There is a quiet epidemic of autism sweeping our nation’s children. The latest CDC statistics show a 15% increase in incidences of autism since 2014. That’s one in 59 children that have the disorder. The president of Autism Speaks stated the need for, “a significant increase in life-enhancing research and access to high-quality services for people with autism across the spectrum and throughout their lifespan.”

Given the increasing prevalence of autism cases in children, and difficulties inherent in diagnosing the disease, let’s look at some of the generally accepted signs of autism, as well as the causes behind the disorder.

What is Autism?

The Mayo Clinic says:

Autism spectrum disorder is a condition related to brain development that impacts how a person perceives and socializes with others, causing problems in social interaction and communication.

The idea of a “spectrum” of the disease references the wide variety and severity of symptoms. The disorder begins in childhood and there is currently no cure for the disorder.

What Causes Autism?

The short answer is we simply do not know. Current research suggests external factors trigger a genetic tendency toward autism. Brain scans in afflicted children show they have different structural components to their brain, but this has not been correlated as the cause of autism.

Some genetic conditions have potentially been connected to autism. To date, the cause of the disease has not been connected to the chemicals in vaccines, although the rumor circulates periodically on the internet.

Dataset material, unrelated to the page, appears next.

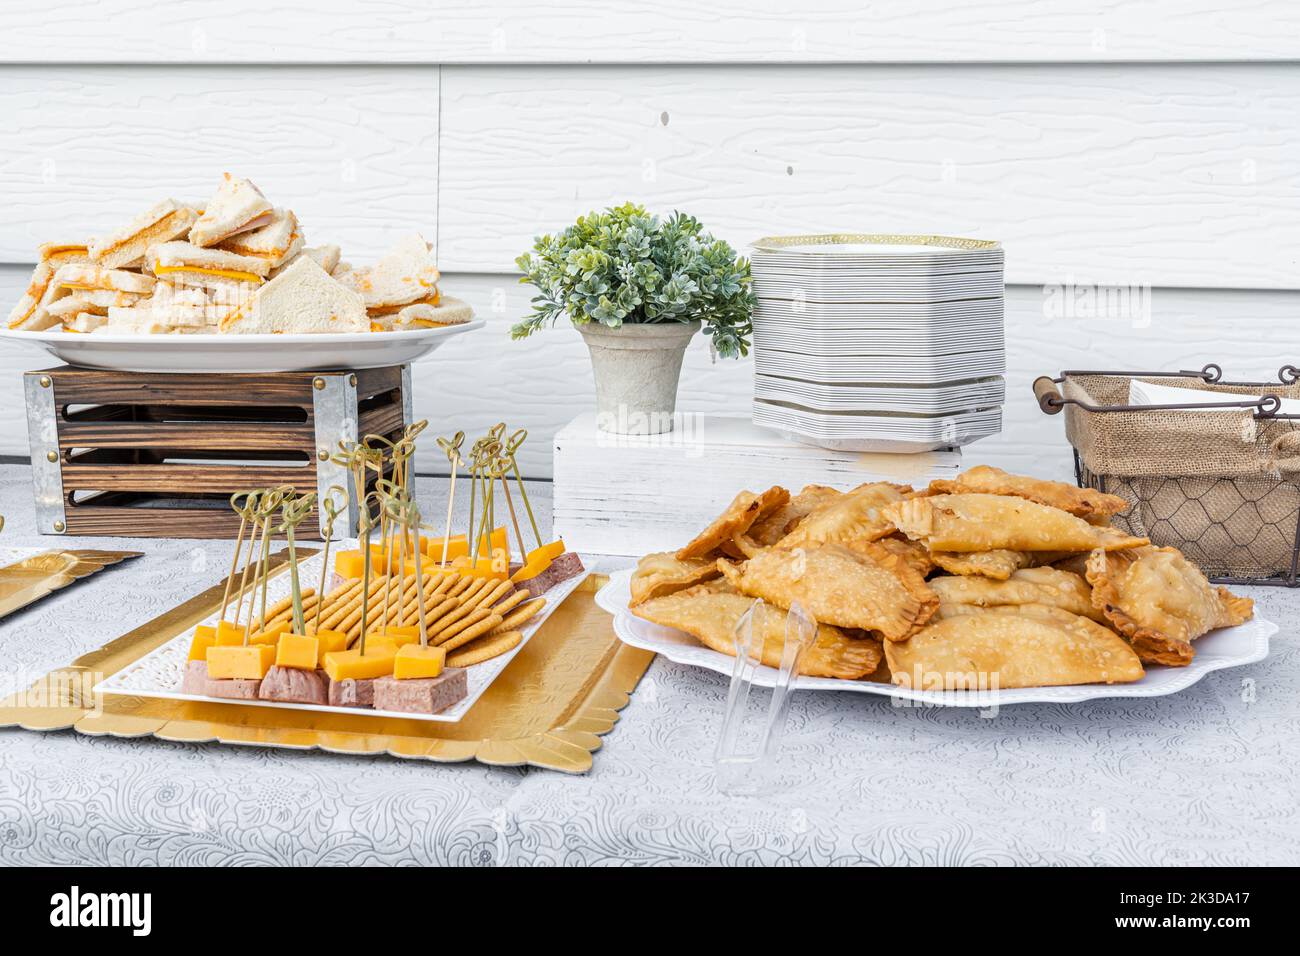 Traditional Dominican Appetizers of Empanadas, Cheese Sandwiches and Skewer Salami and Cheese with Crackers on a Table. Stock Photo

Families with one child with autism spectrum disorder have a higher risk of having another child with the disorder. Boys are about four times more likely to have the disease than girls. There may also be a link to the age of the parents and the chance of autism.

Signs of Autism

GoodTherapy cites the DSM-5, which calls autism a “communication disorder.” These symptoms show up in childhood and can include:

  • Difficulty with human communication.
  • Challenges with abstract concepts or context.
  • The inability or difficulty in following social norms such as listening or taking turns in a group.
  • Avoidance of crowds or groups.
  • Trouble completing tasks at work or school.
  • Repetitive behaviors, which are called “stimming.” These could include spinning or rocking.
  • A focus on routines.
  • Severe dislike of changes in routines.
  • Over- or under-responsiveness to sensory stimulation.
  • Coordination problems or odd body movements such as walking on their toes.
  • Is highly sensitive to sound, touch or light.
  • May be indifferent to temperature or pain.

Children with autism may fail to respond to their names. They may not be able to make eye contact, lack facial expression and prefer to play alone. These children may not speak or their ability to speak may be delayed. Other symptoms could include:

  • May speak in a singsong tone or a monotone.
  • Doesn’t express emotions or feelings.
  • Doesn’t want to be touched or hugged.
  • Disrupts social settings by acting aggressively or passively.
  • Cannot interpret other people’s body language, facial expression or tone of voice.

There is no way to prevent autism disorder. However, intensive therapeutic treatment can help the child struggling with the disorder. Making an early diagnosis of the disease can help parents cope while positively affecting health outcomes as the child ages.